An exploratory analysis of the corpus was also conducted, focusing on job title length and lexical distribution by language. On average, Spanish titles tend to be longer in both word and character count, which may indicate greater specificity or redundancy in descriptive expressions. German titles are more concise in terms of token count but often feature complex compound words. English titles fall between the two in both length and lexical complexity.

The corresponding word clouds illustrate the most frequent terms in job titles for each language. In Spanish, technical and operational terms predominate, with explicit gender marking Figure 6. In English, there is a noticeable tendency toward technical and managerial roles, often expressed using gender-neutral language Figure 7. In German, despite some encoding issues afecting specific characters, similar patterns can be observed, including terms such as director and engineer appearing in both their masculine and feminine forms 8.

3.2. Validation Set

The validation set is structured into three files per language: queries, corpus elements, and qrels. This setup simulates an information retrieval scenario in which the system’s ability to identify relevant occupations based on a given title is evaluated.

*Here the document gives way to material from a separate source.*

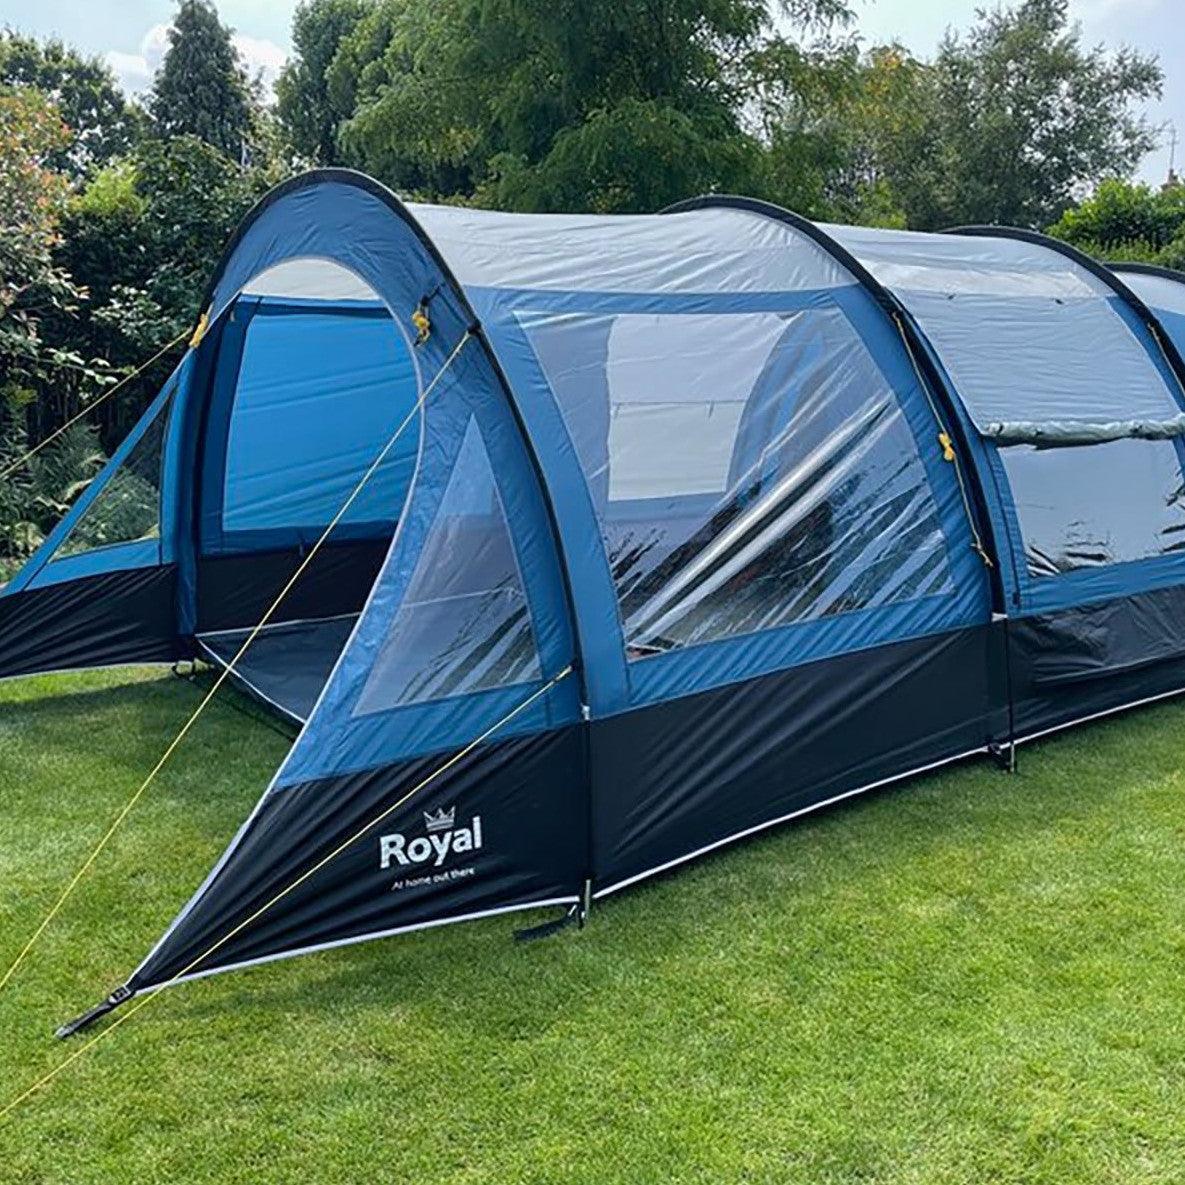 Tents 3-4 Man - UK Camping And Leisure

The queries file contains unique identifiers linked to job titles used as queries. The corpus elements ifle includes identifiers for occupations that form the pool of potentially relevant candidates. Finally, the qrels file defines the binary relevance relationship between each query and the corpus elements, assigning a value of 1 when a relevant relationship exists and 0 otherwise.

This structure enables precise evaluation of retrieval models, as it allows for a clear distinction between relevant and non-relevant predictions based on expert-labeled data.

3.3. Test Set

Finally, the test set follows a structure similar to the validation set, with separate files for queries and corpus elements, organized by language. Unlike the validation set, no relevance file is provided in this phase, as participants are required to generate their own predictions in TREC format and submit them for external evaluation.

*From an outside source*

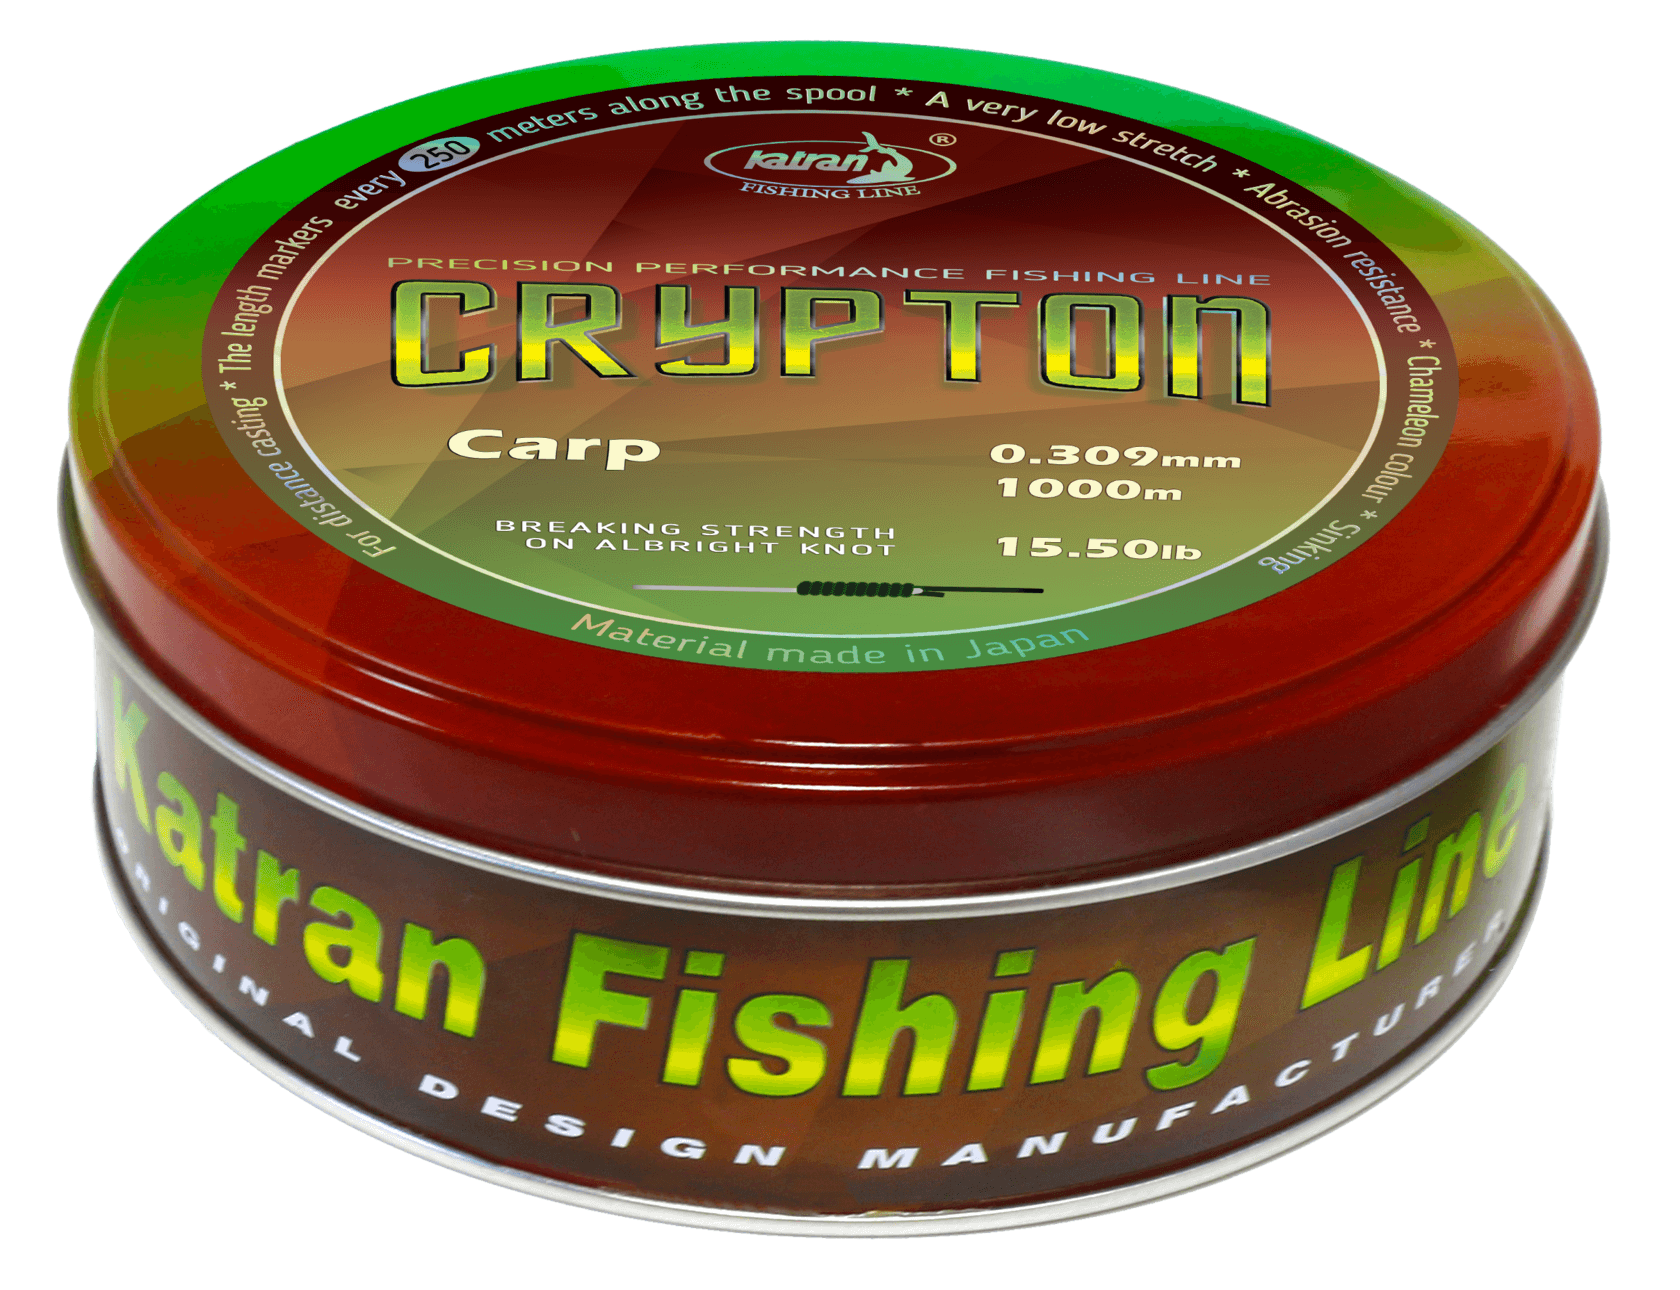 Katran Fishing Line - Your ultimate night fishing performance with

This phased structure, supervised training, labeled validation, and blind testing supports the progressive development of robust models capable of generalizing efectively in multilingual and semantically ambiguous contexts, such as job title alignment.

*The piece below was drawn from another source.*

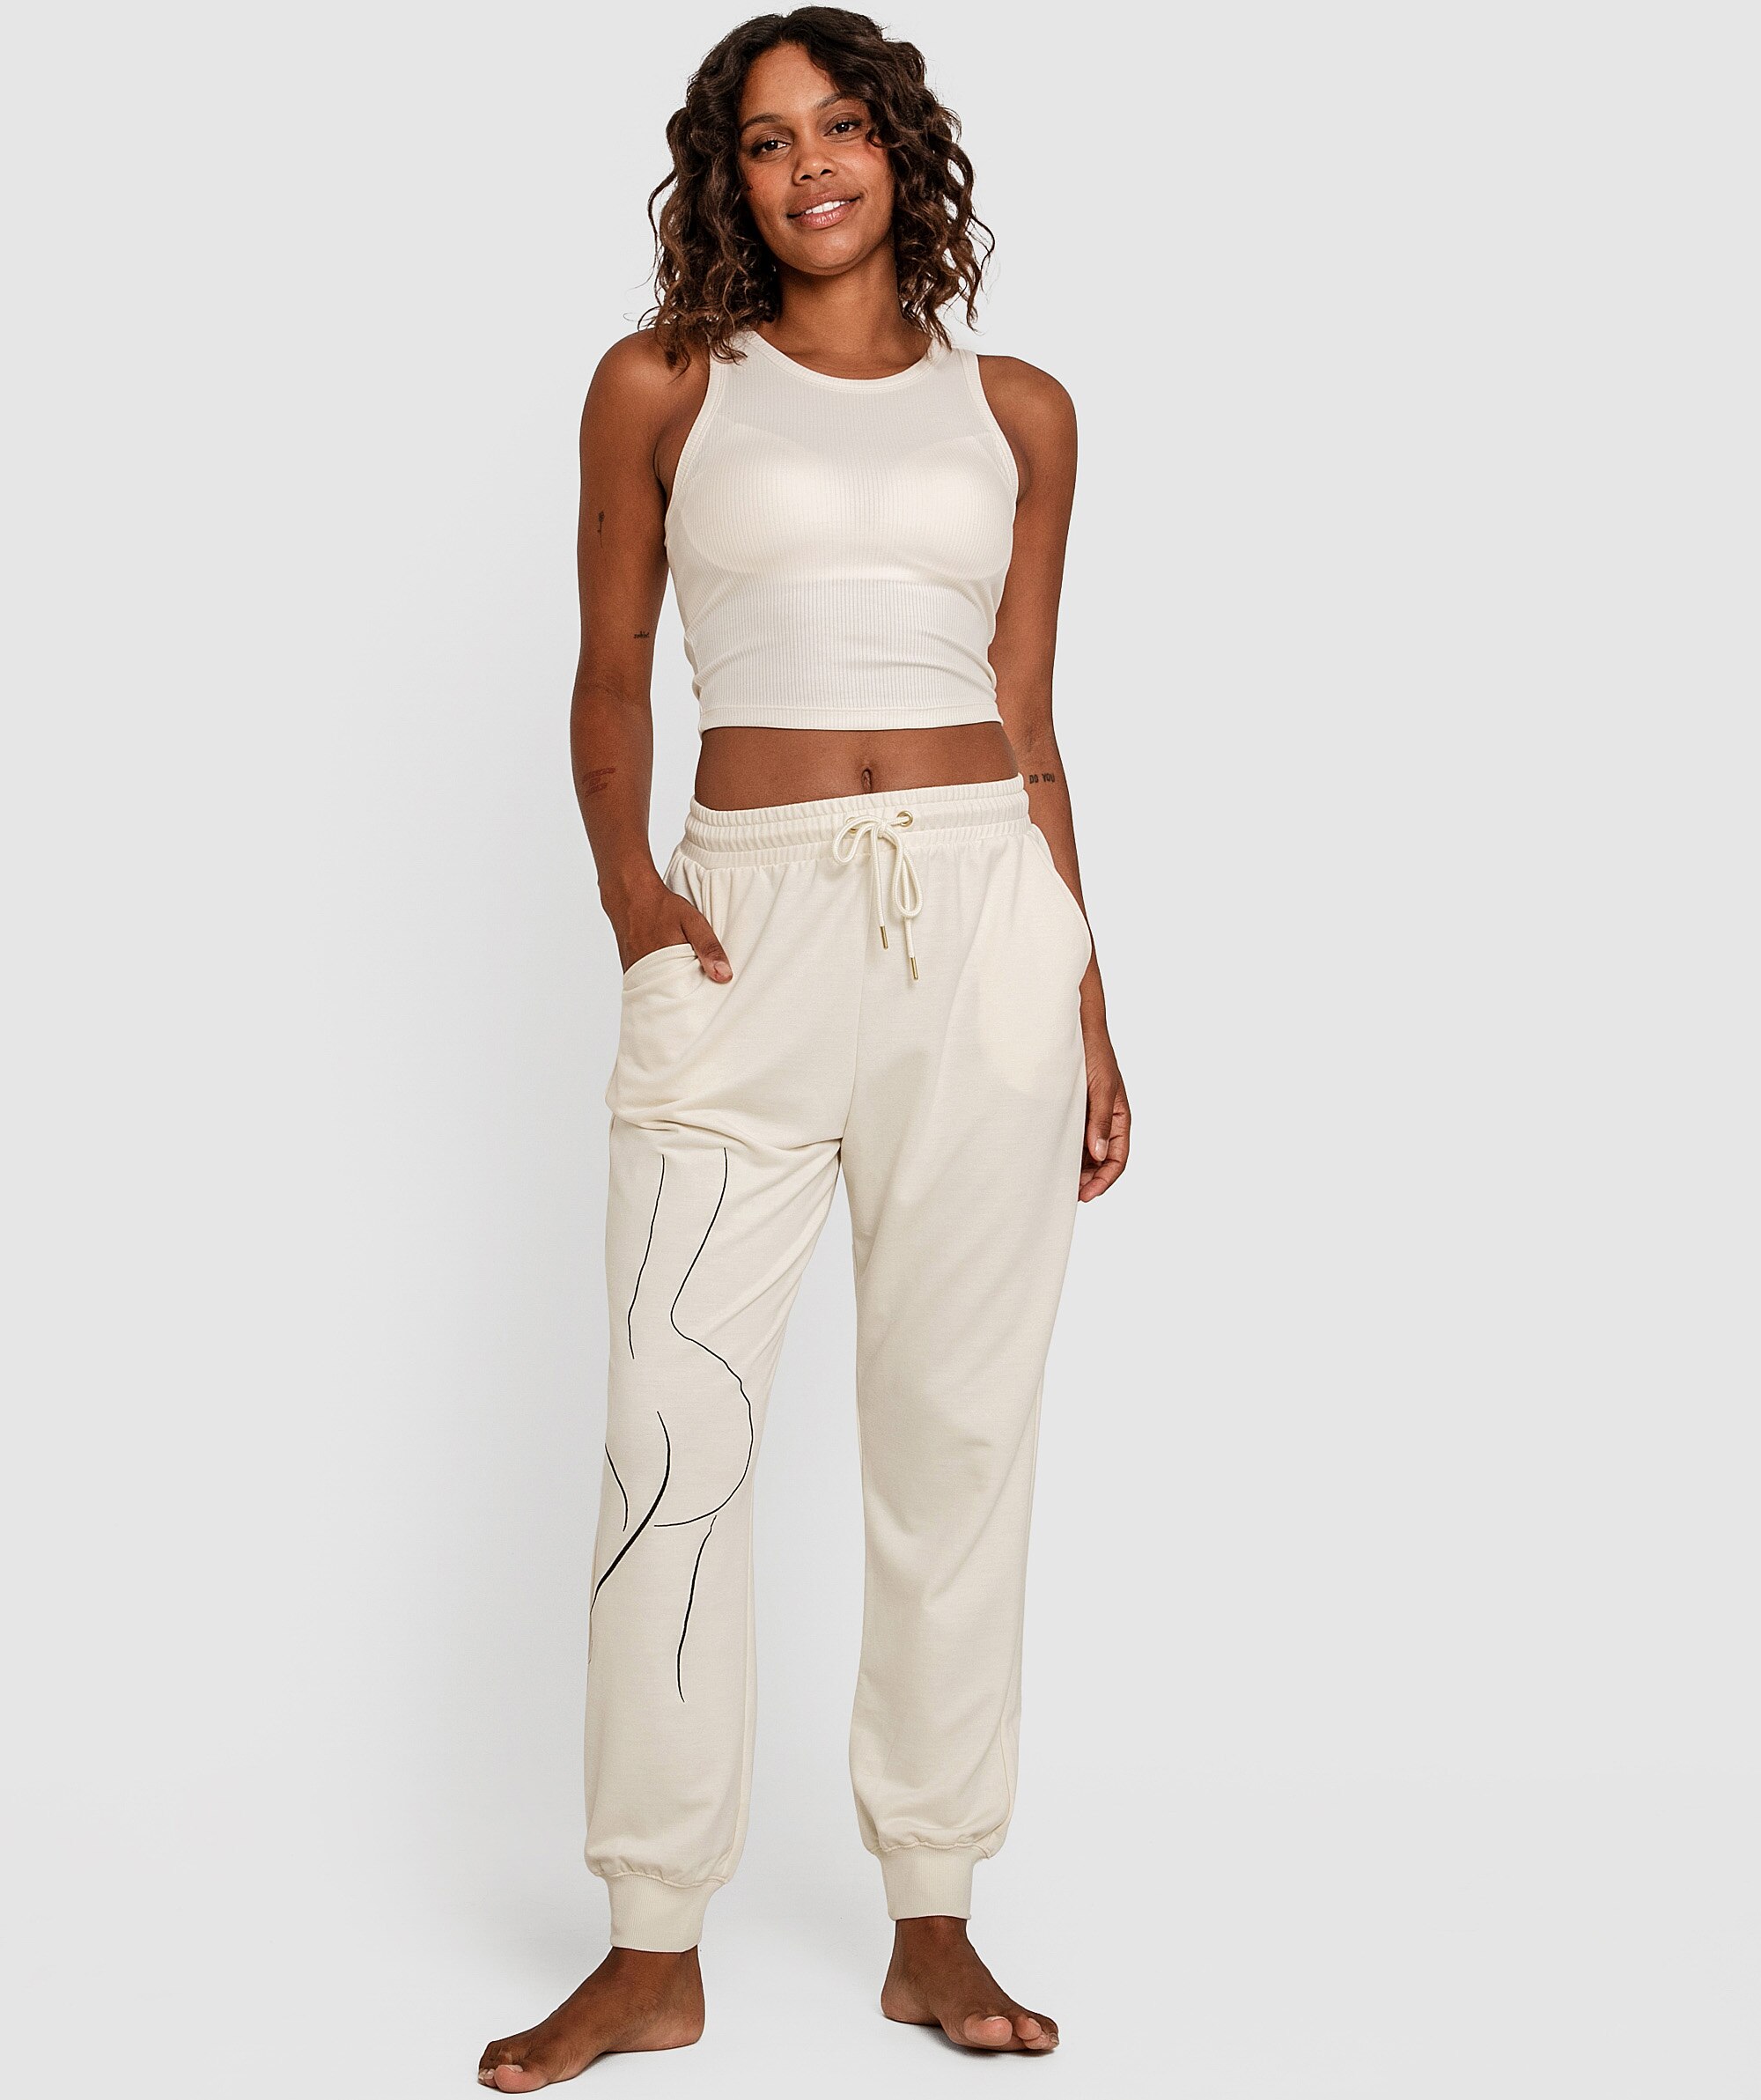 In The Nude Jogger Pant - Ivory

4. Proposed System Architecture

Figure 9 illustrates the complete pipeline developed for the training, evaluation, and deployment of a multilingual job title matching model. This process is structured into multiple stages that cover the entire workflow from initial data ingestion to final export of results in TREC format. The key components of this architecture are detailed below.

4.1. Data Loading by Language

The process begins with the loading of annotated files in three languages: Spanish (es), English (en), and German (de). Each file contains pairs of job titles along with their corresponding family identifiers, which represent semantically related occupational groupings. Language labels are added and an initial text normalization is performed, such as removing extra whitespace and converting all text to lowercase, to ensure consistency across the data set.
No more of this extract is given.